BackgroundA significant number of studies have investigated the use of blood-derived gene expression profiling as a biomarker for Alzheimer's Disease (AD). However, the typical approach of developing classification models trained on subjects with AD and complimentary cognitive healthy controls may result in markers of general illness rather than being AD-specific.Incorporating additional related neurological and age-related disorders during the classification model development process may lead to the discovery of an AD-specific expression signature.
MethodsTwo XGBoost classification models were developed and optimised.

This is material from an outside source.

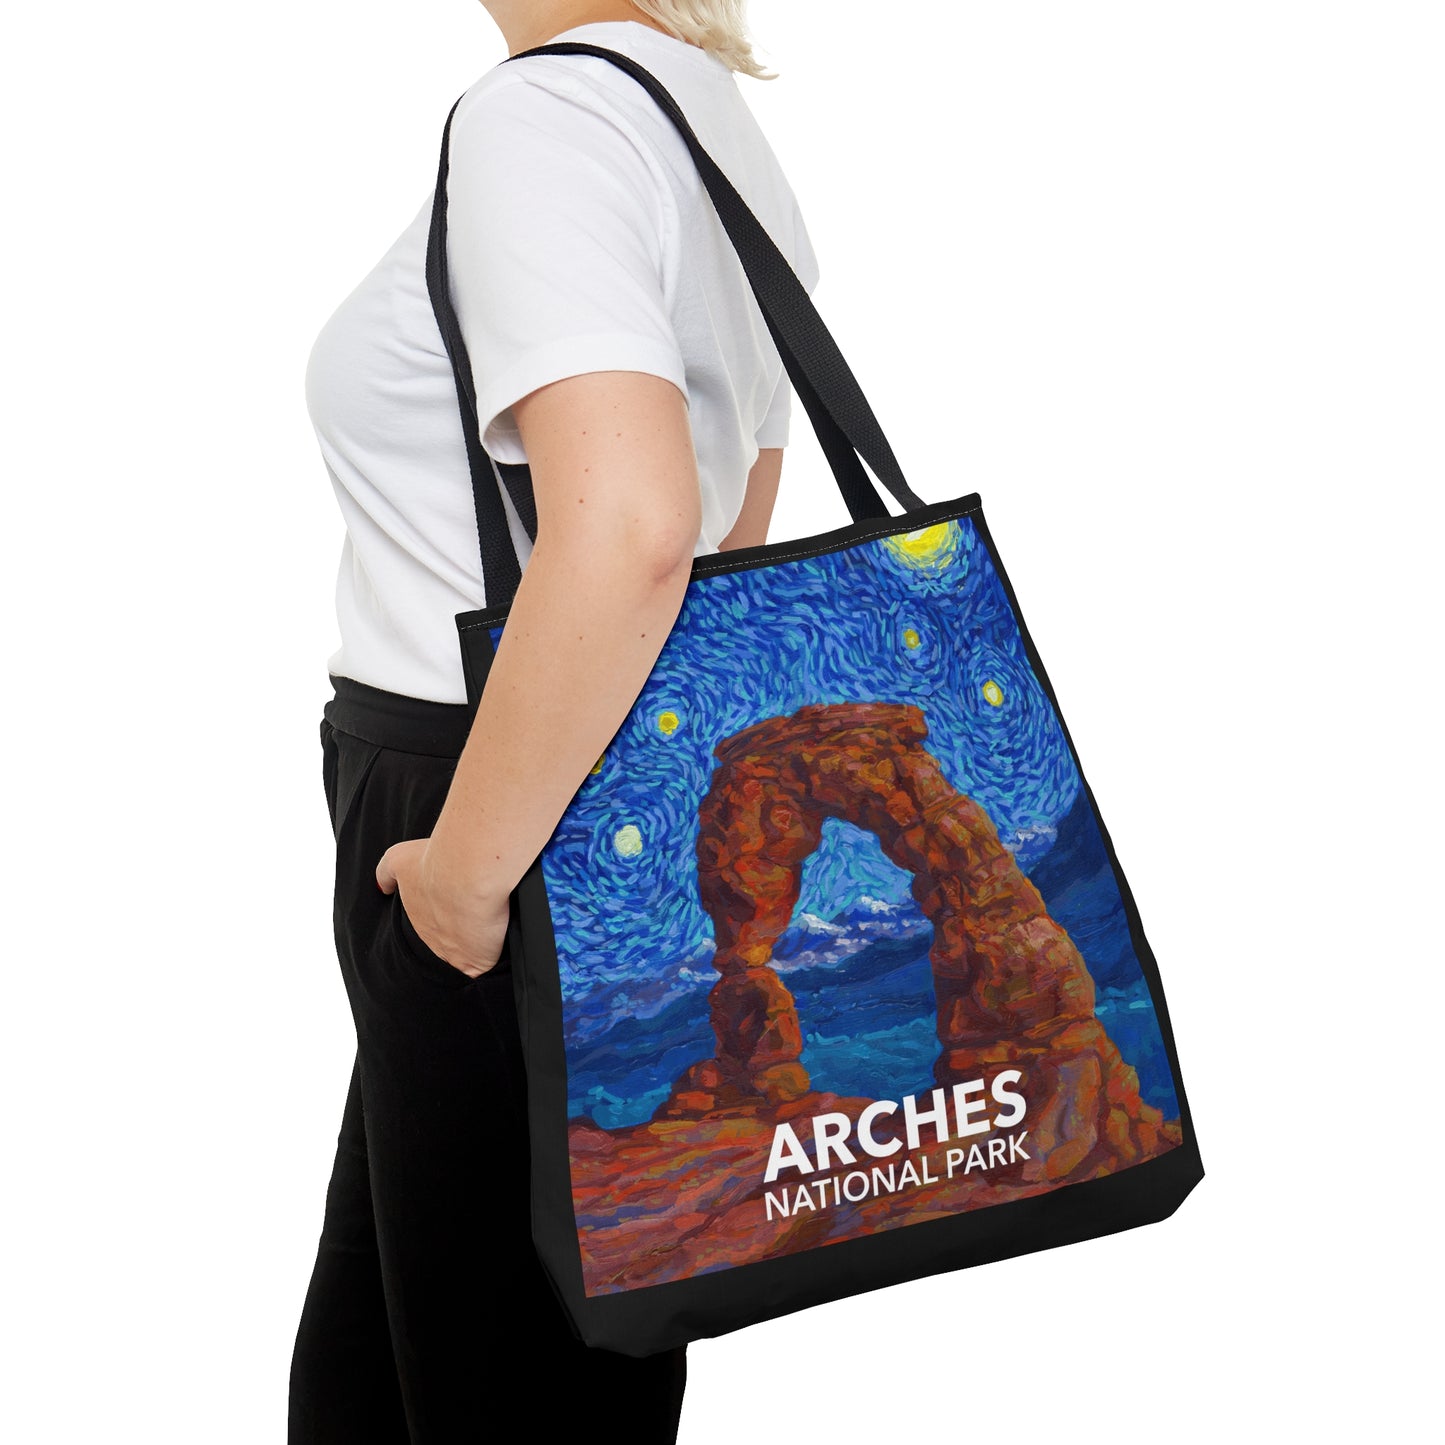 Arches National Park Tote Bag - The Starry Night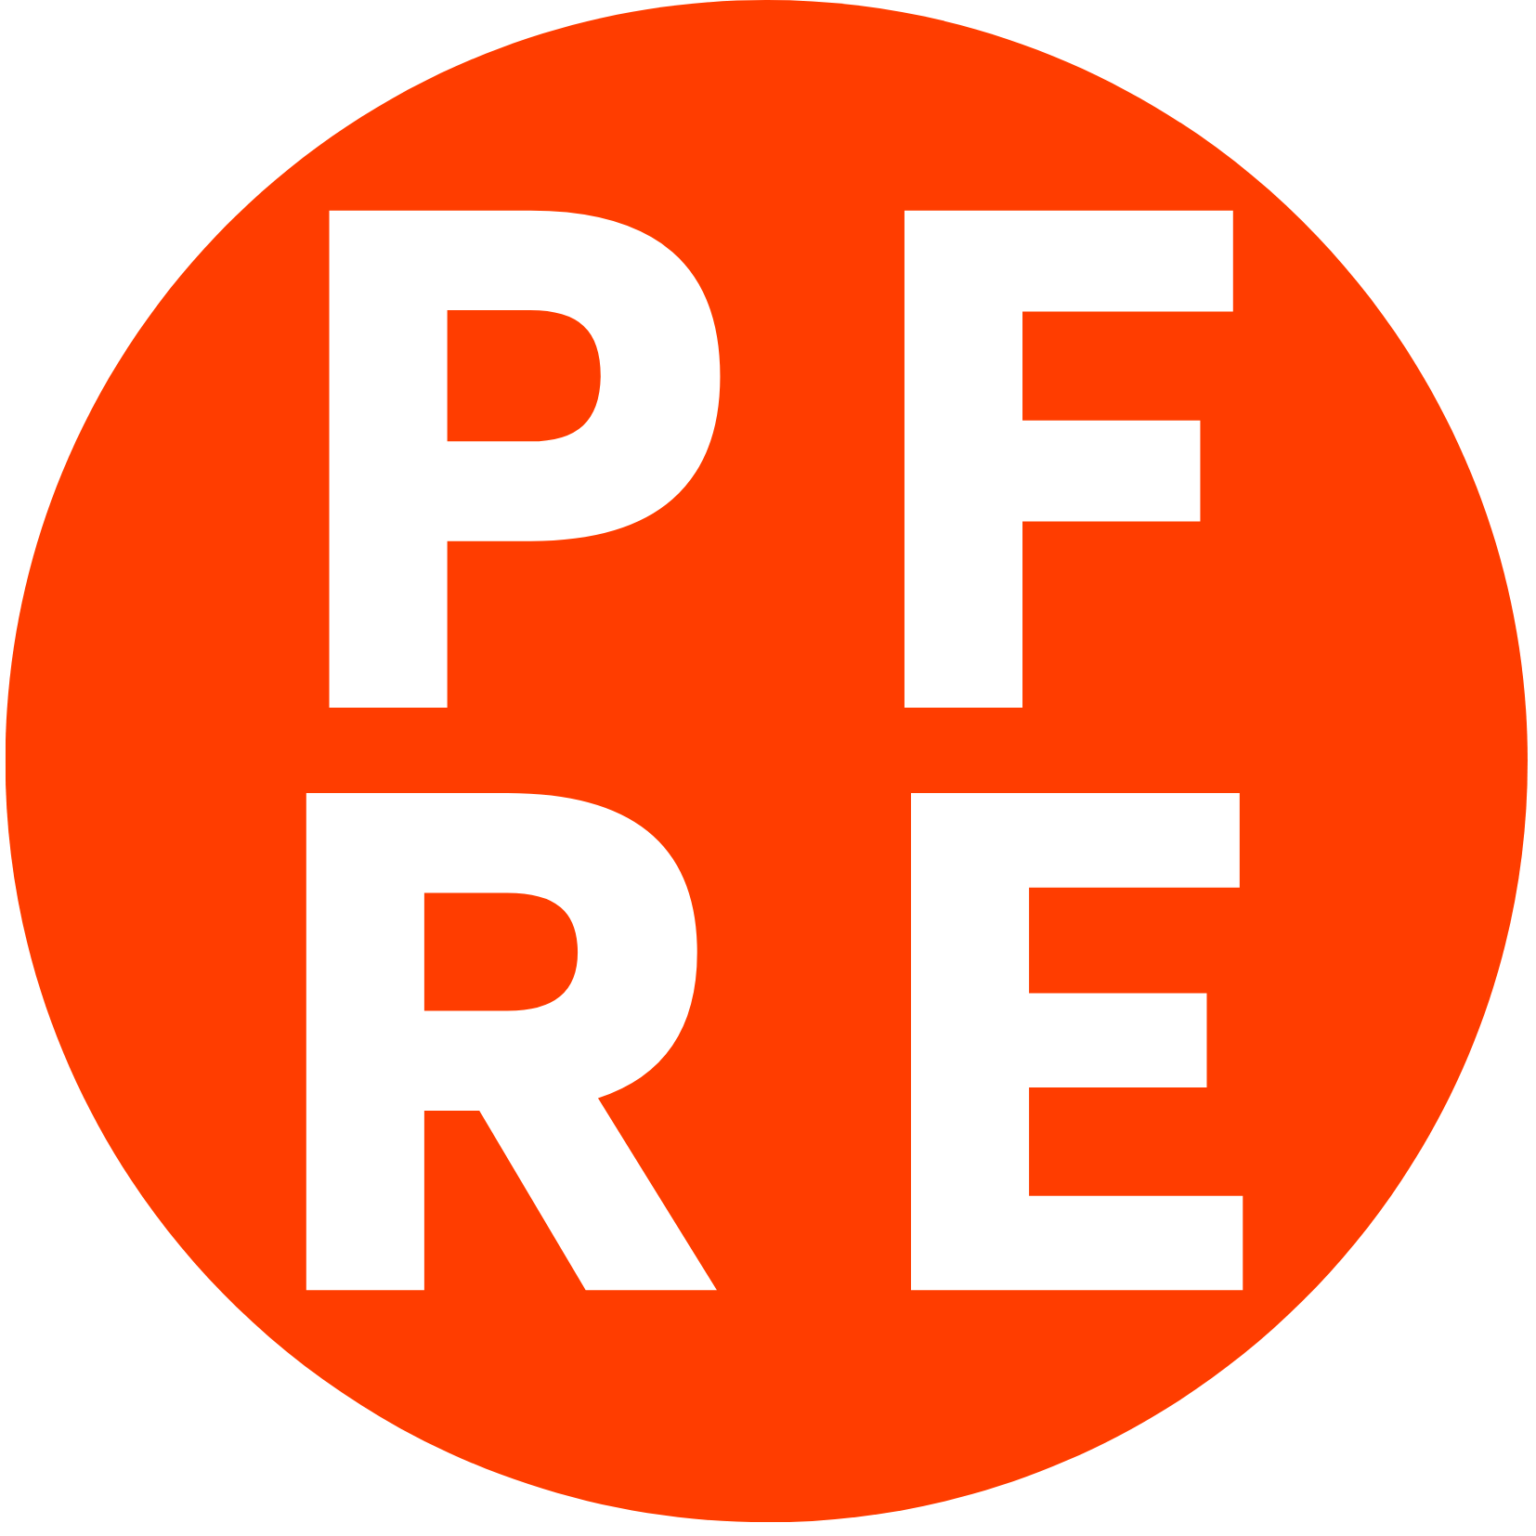 PFRE logo rond

The first used the typical approach, training on 160 AD and 160 cognitively normal controls, while the second was trained in 6318 AD and 6318 mixed controls. Up-sampling was performed in each training set to the minority classes to avoid sampling bias, and both classification models were evaluated in an independent dataset consisting of 127 AD and 687 mixed controls. The mixed control group represents a heterogeneous ageing population consisting of Parkinson's Disease, Multiple Sclerosis, Amyotrophic Lateral Sclerosis, Bipolar Disorder, Schizophrenia, Coronary Artery Disease, Rheumatoid Arthritis, Chronic Obstructive Pulmonary Disease, and cognitively healthy subjects.
ResultsThe typical approach resulted in a 74 gene classification model with a validation performance of 58.3% sensitivity, 30.3% specificity, 13.4% PPV and 79.7% NPV. In contrast, the second approach resulted in a 28 gene classification model with an overall improved validation performance of 46.5% sensitivity, 95.6% specificity, 66.3% PPV and 90.6% NPV.
ConclusionsThe addition of related neurological and age-related disorders into the AD classification model developmental process identified a more AD-specific expression signature, with improved ability to distinguish AD from other related diseases and cognitively healthy controls. However, this was at the cost of sensitivity. Further improvement is still required to identify a robust blood transcriptomic signature specific to AD.